Thank you, Oletha, for giving me all the love you were able to give.
My dad’s wife was a huge blessing in my life. I don’t call her my stepmother because she was the real deal.
She was the one who taught me that a mother could be current. She held and discussed strong opinions on everything from sex to Dick Cheney. She never allowed me to hide behind the “daughter” image. She saw me as a woman and called me to stand in the position. Never sentimental, she viewed life pragmatically, owned her own history and expected the same of others.
In my group of mothers, she was the only one who willingly exposed herself as a sensual being. She was a consummate wife – ever attentive to the needs and desire of her husband, my father. And the attentive caregiver to all of the children and grandchildren who landed at her door.
How did she do all of this and remain so totally herself? I don’t know. But it was a wonderful balance to behold. A woman who embraced her traditional roles and yet held herself in high esteem as a person.
Thank you, dear Leelah, for being a true mother to me.
And then there is my husband’s mother. (She asked me not to call her my mother-in-law because of the bad connotations.) When her son and I announced that we were planning to be married within a month, she asked, “Not that it matters, but do you have to?”
We could say, “No,” but it was a fair question since I was still a teenager and my husband was just twenty. And just as easily as that she whined a minute about us getting married in her busiest season at work (Christmas) and then made way for her daughter-in-law.
I can’t think why I haven’t written before about this powerhouse in my life. A true career woman, she still managed to be the matriarch. She hosted (or cooked most of) all holiday meals. She shopped for and presented gifts for birthdays and Christmas as if she were a woman of leisure. And she hosted slumber parties for her grandchildren at which they stayed up late with her in the midst of them – sprawled on the floor watching silly television shows and eating all manner of goodies.

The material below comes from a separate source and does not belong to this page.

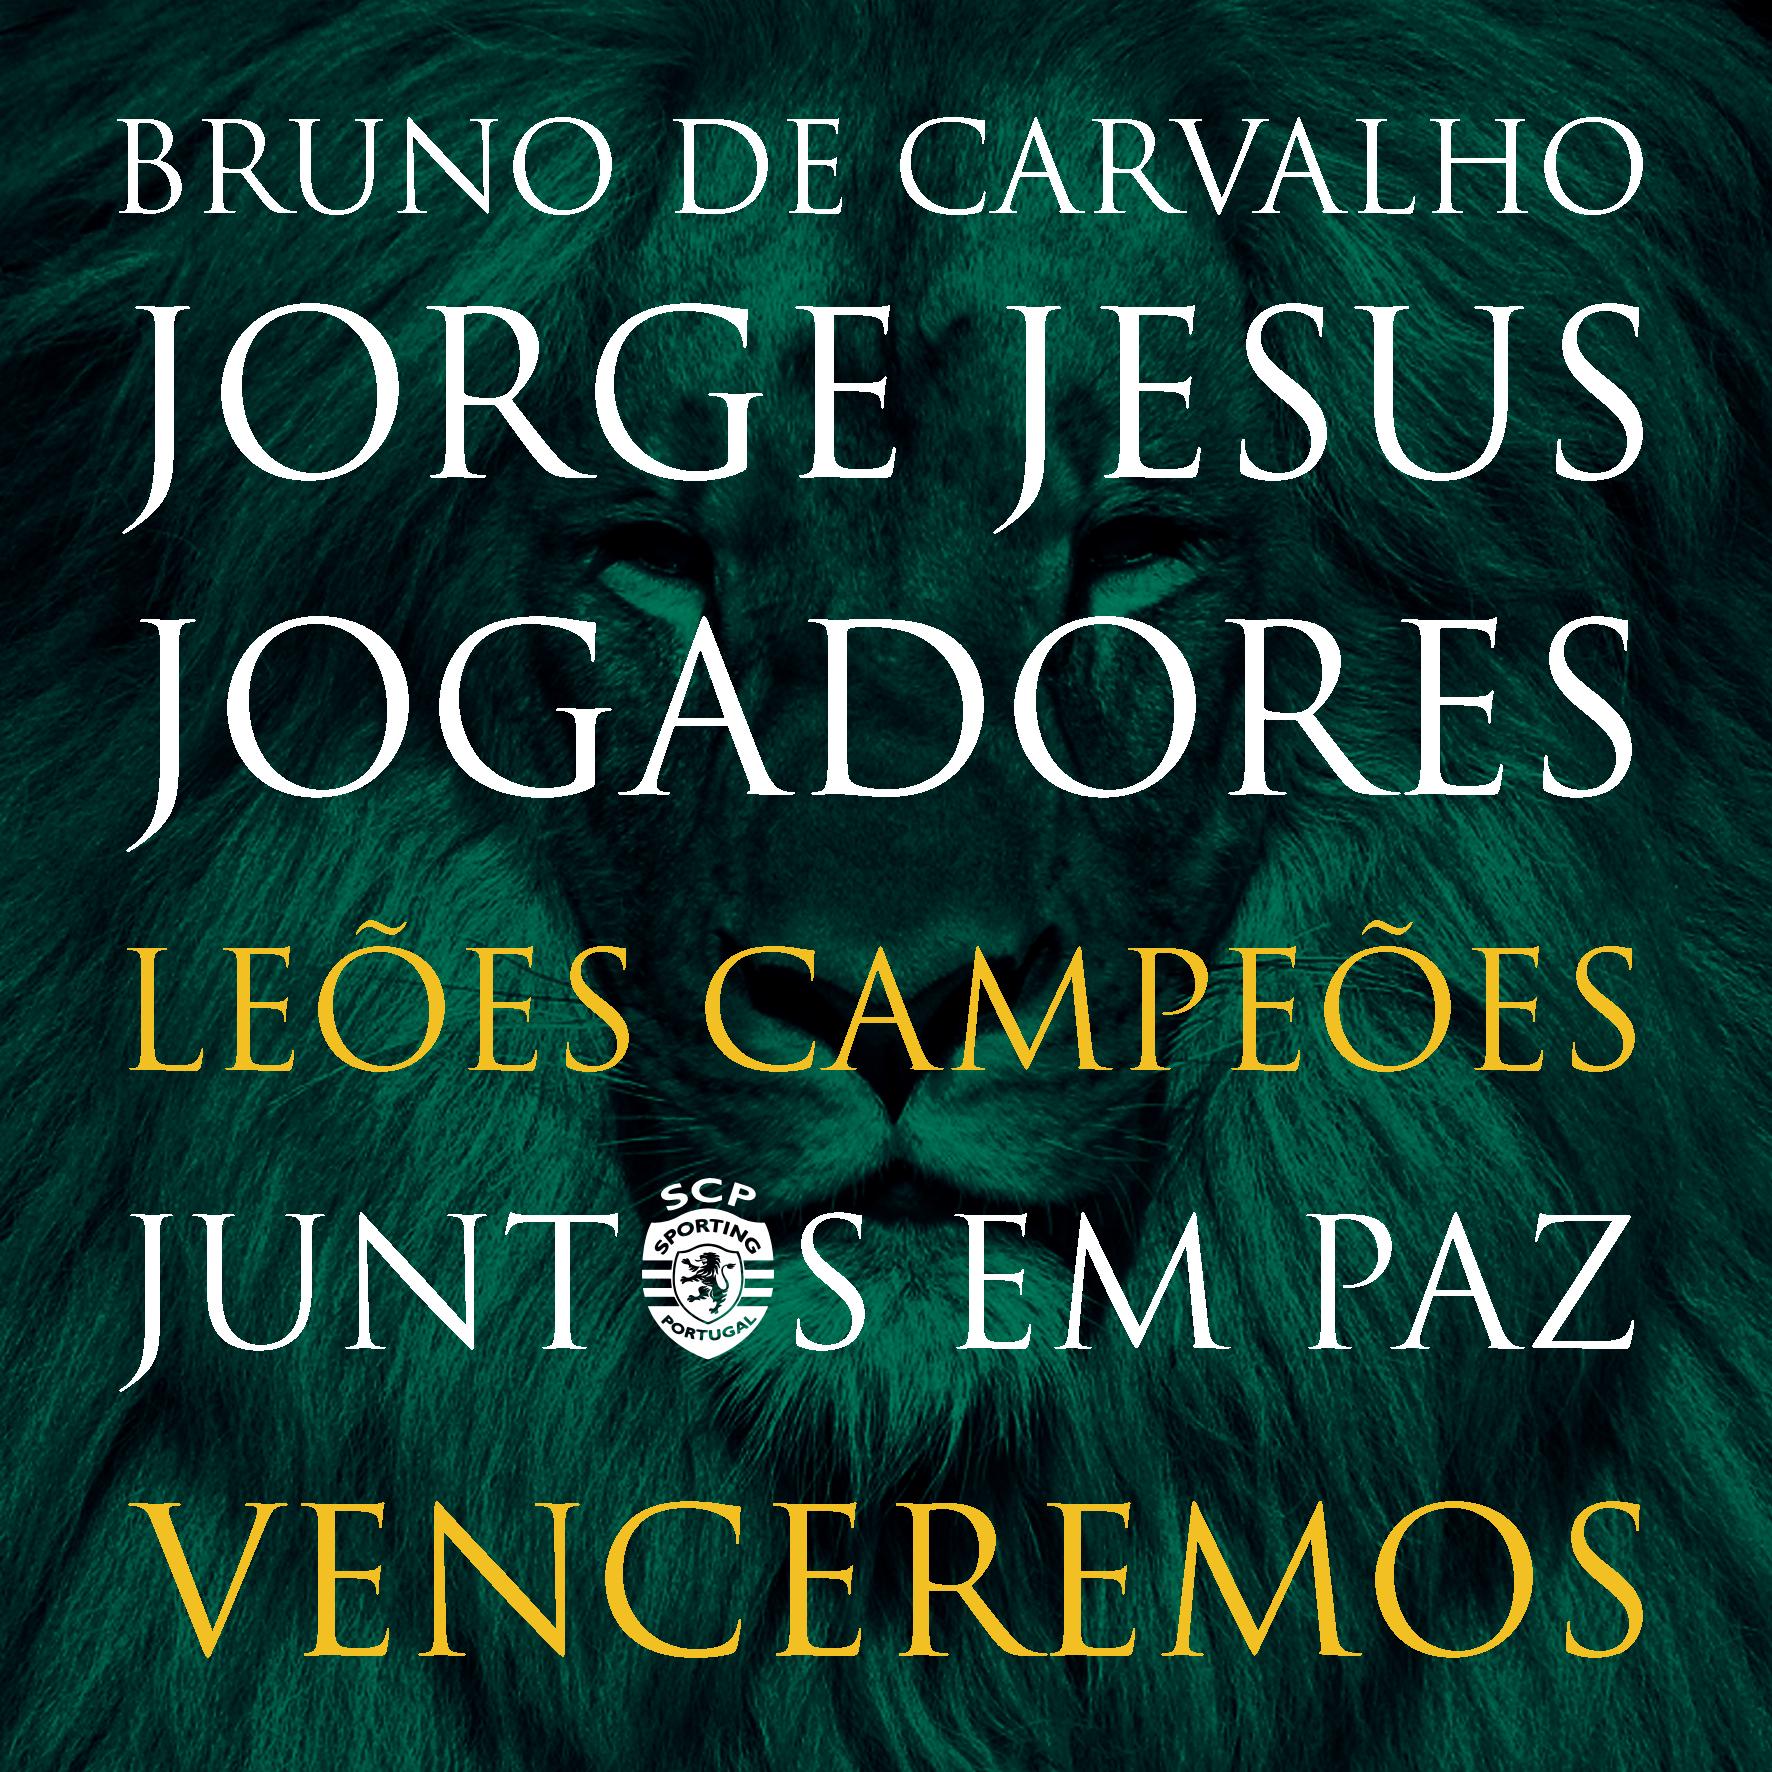 BRUNO DE CARVALHO JORGE JESUS JOGADORES ADEPTOS E SÓCIOS SPORTINGUISTAS UNIDOS  LEÕES CAMPEÕES   VENCEREMOS  https://www.facebook.com/SportingClubedePortugalCampeao/  CLICA, GOSTA E PARTILHA A BOA NOVA !!!

She stood firmly as the protector and defender of our entire family without asking for explanations or rationalizations. We were right! That was all there was to it! And in all my years in her family I never felt outside. She was a lesson in acceptance. If I can be that woman in the lives of my children’s partners, I will give her the credit.

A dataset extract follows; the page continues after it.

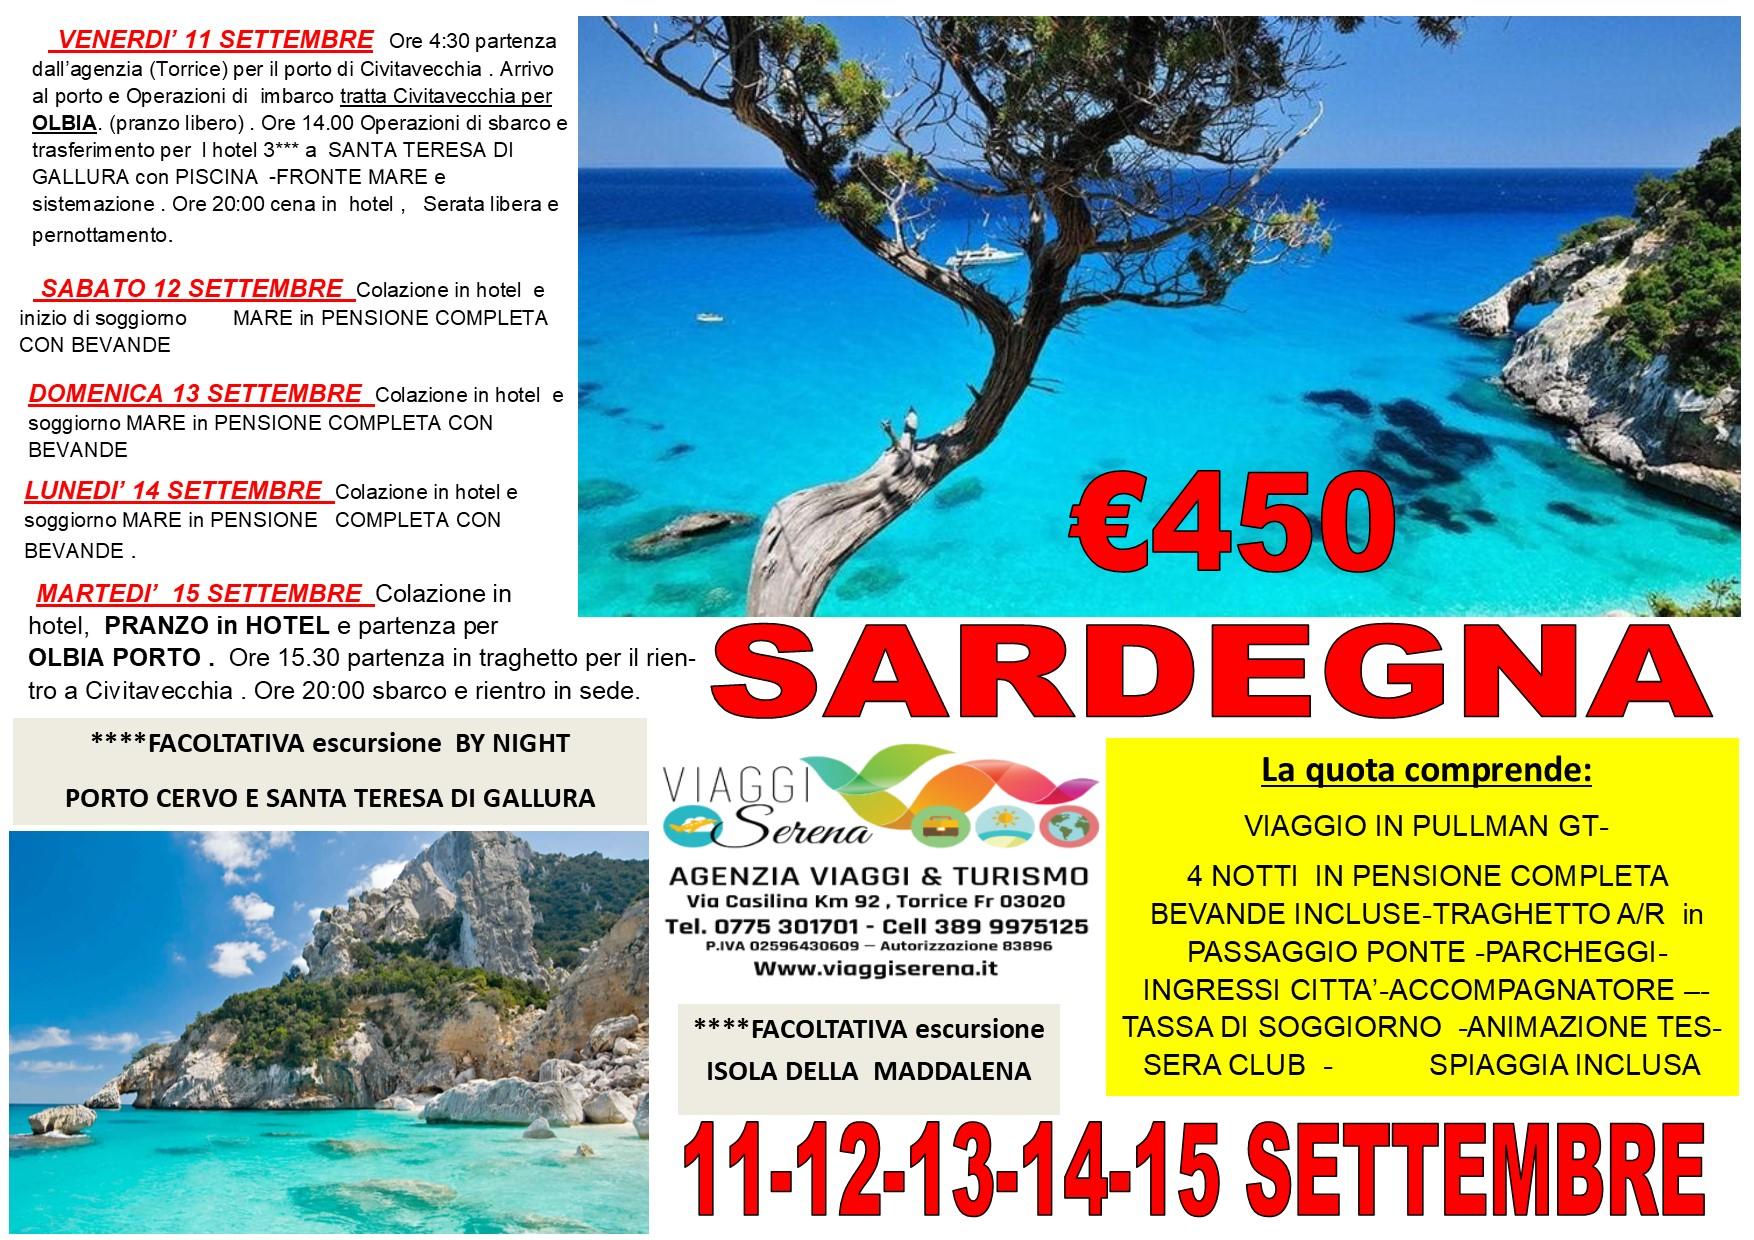 Viaggi di Gruppo: soggiorno mare  SARDEGNA  11-12-13-14-15 Settembre € 450,00

Thank you, Ann, for taking me in and holding me closely through so many years.
And what can I say about my lifelong BFF? I’ve written so much about her role in my life. My mentor, my friend, my hero.
She’s really too young to be my mother but too influential to leave out if I am talking about the women in my life. She was there from the time I was pregnant with my first child, teaching me what to expect and walking through those first years of motherhood by my side.

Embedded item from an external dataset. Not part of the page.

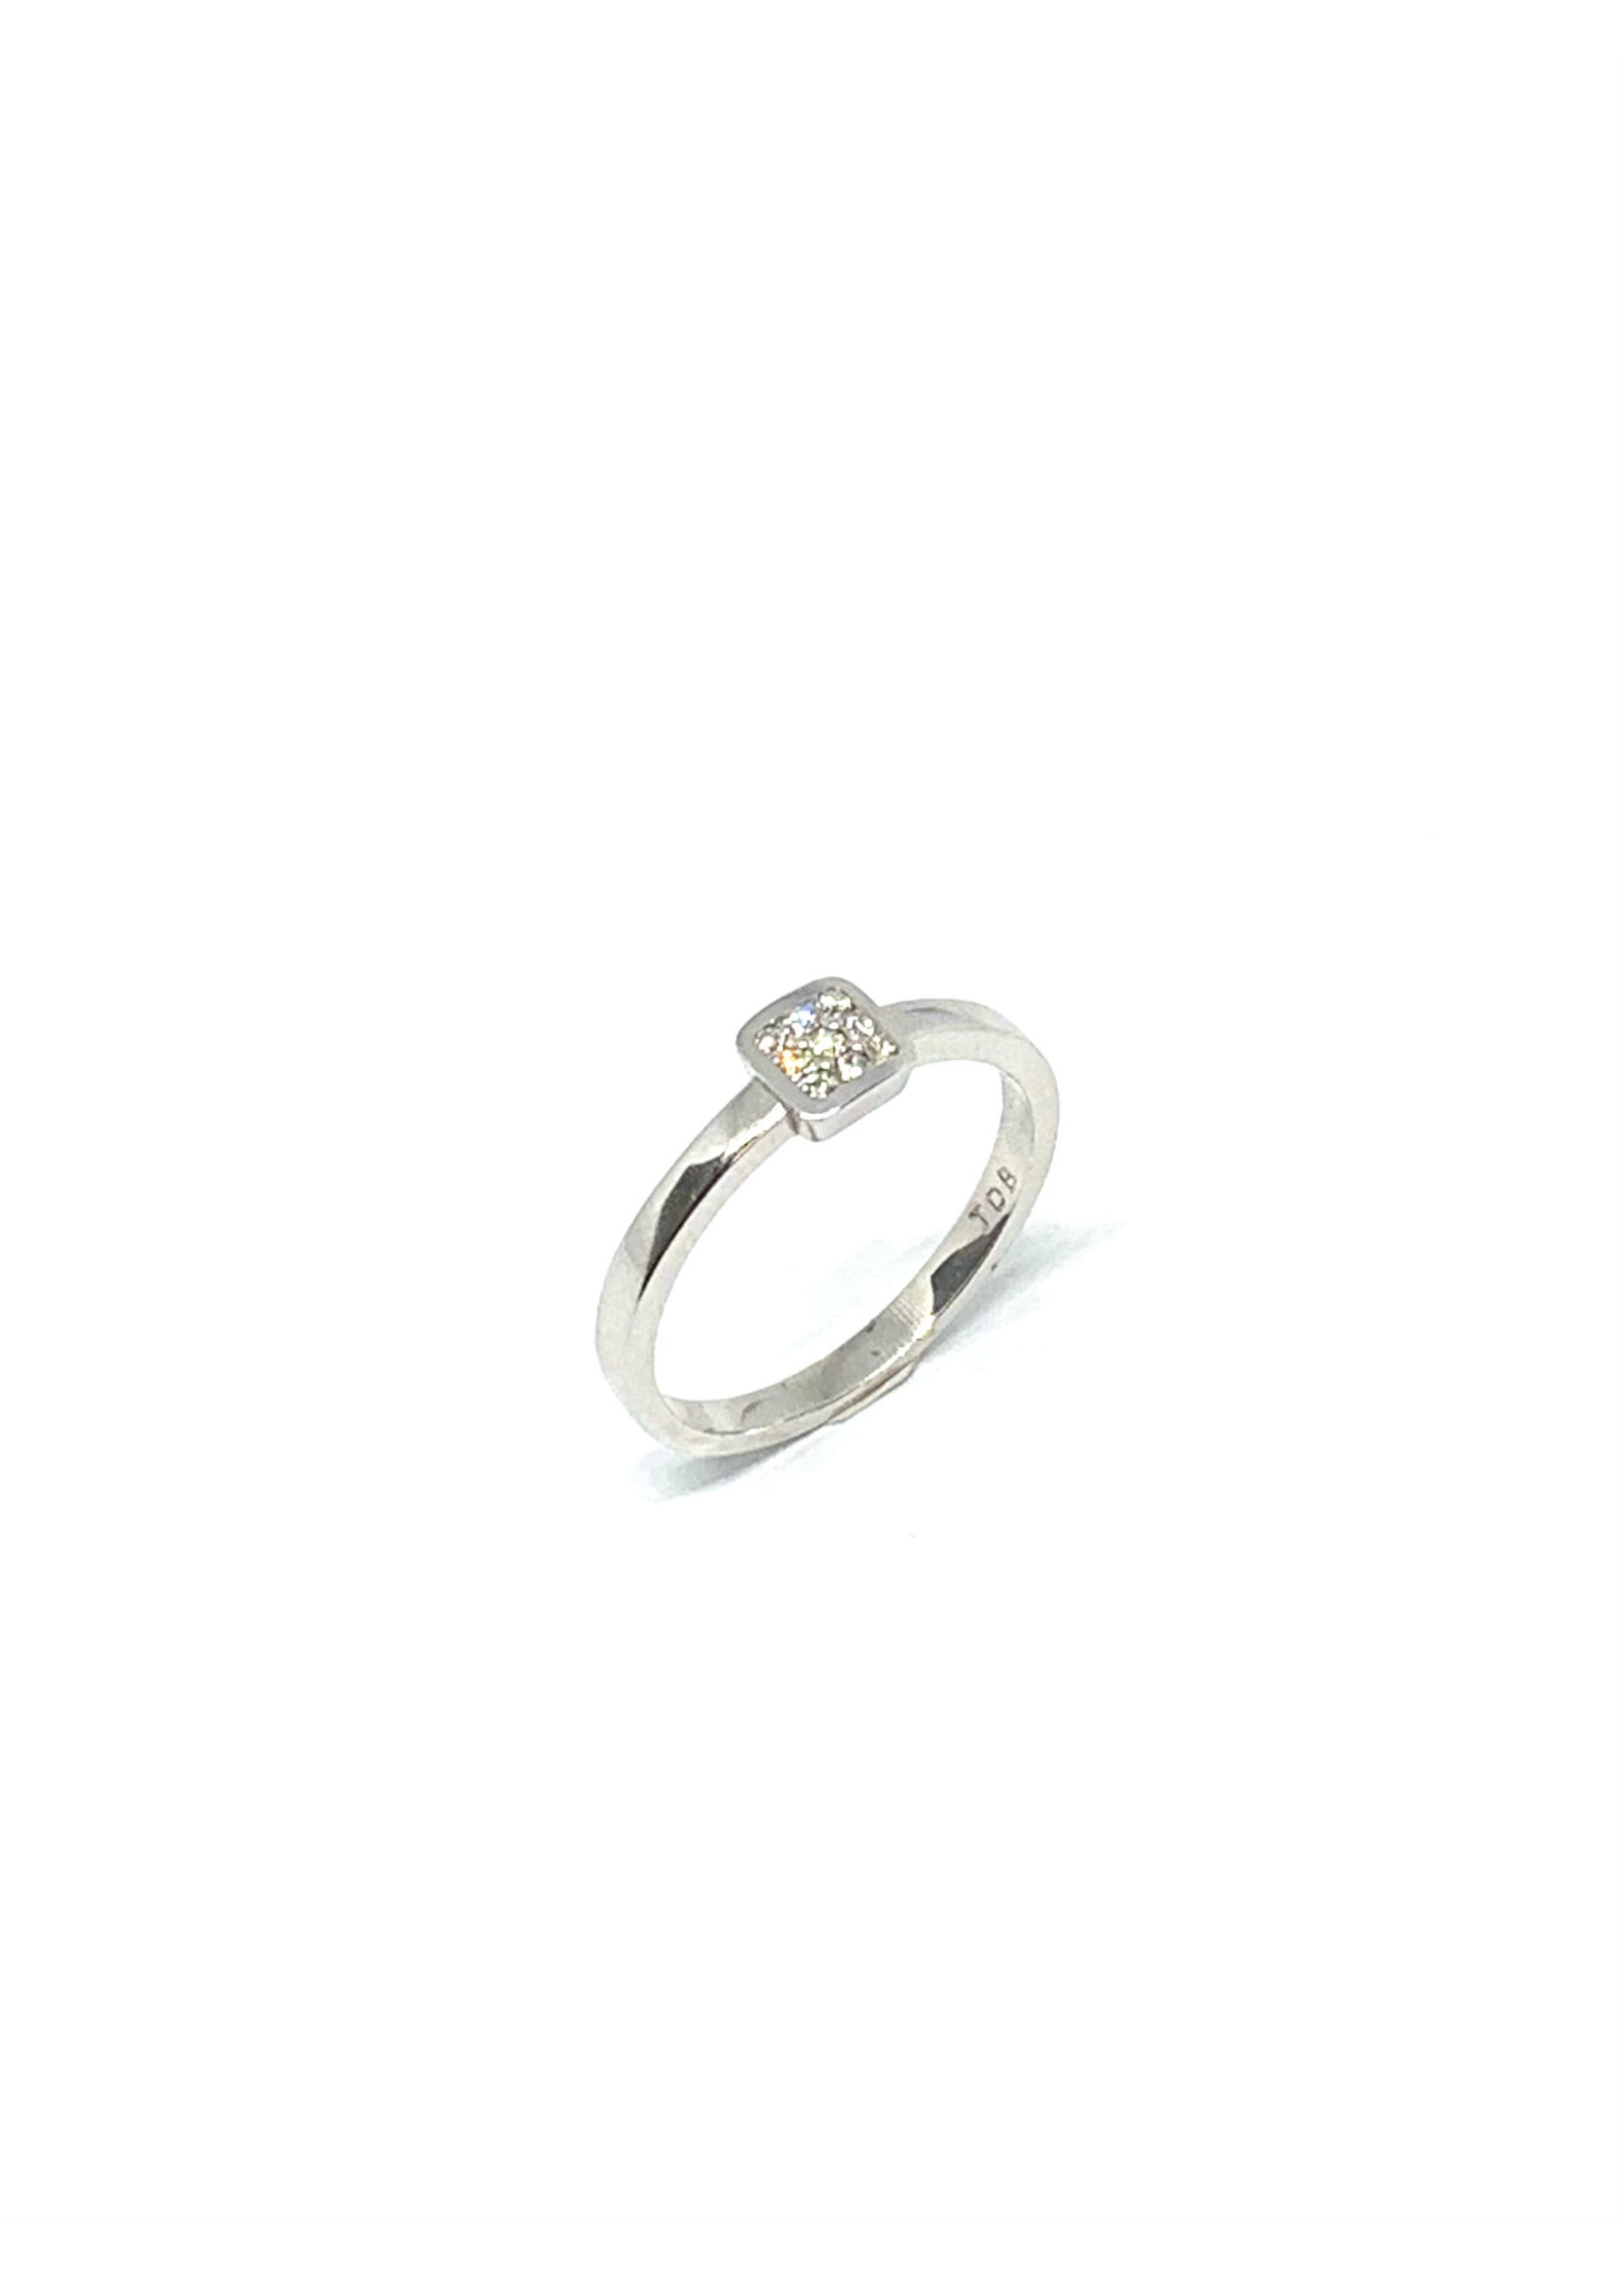 PARÉ Bague solitaire carré Or blanc 14K avec diamants

We shared so much – thoughts, hopes, dreams, fears, resentments and joys. She, too, had her children when she was young. Her little stairsteps were the first “babysitters” of my children. I would pay them to play with the toddlers on the grass while we sat drinking coffee in the back yard.
My role model of marriage and motherhood is sinking into dementia now. But her face still lights up and my heart still sings when I see her. *
Thank you, Mary, for helping me be the woman I have wanted to be.
I count my blessings. And I count each of these women as one of my blessings. I hope you will click on the links and read more about each of them. I owe tribute to each of them.
xxoo
First published
*Mary died last year
Lovely. The women who mothered you and the words you have written about them.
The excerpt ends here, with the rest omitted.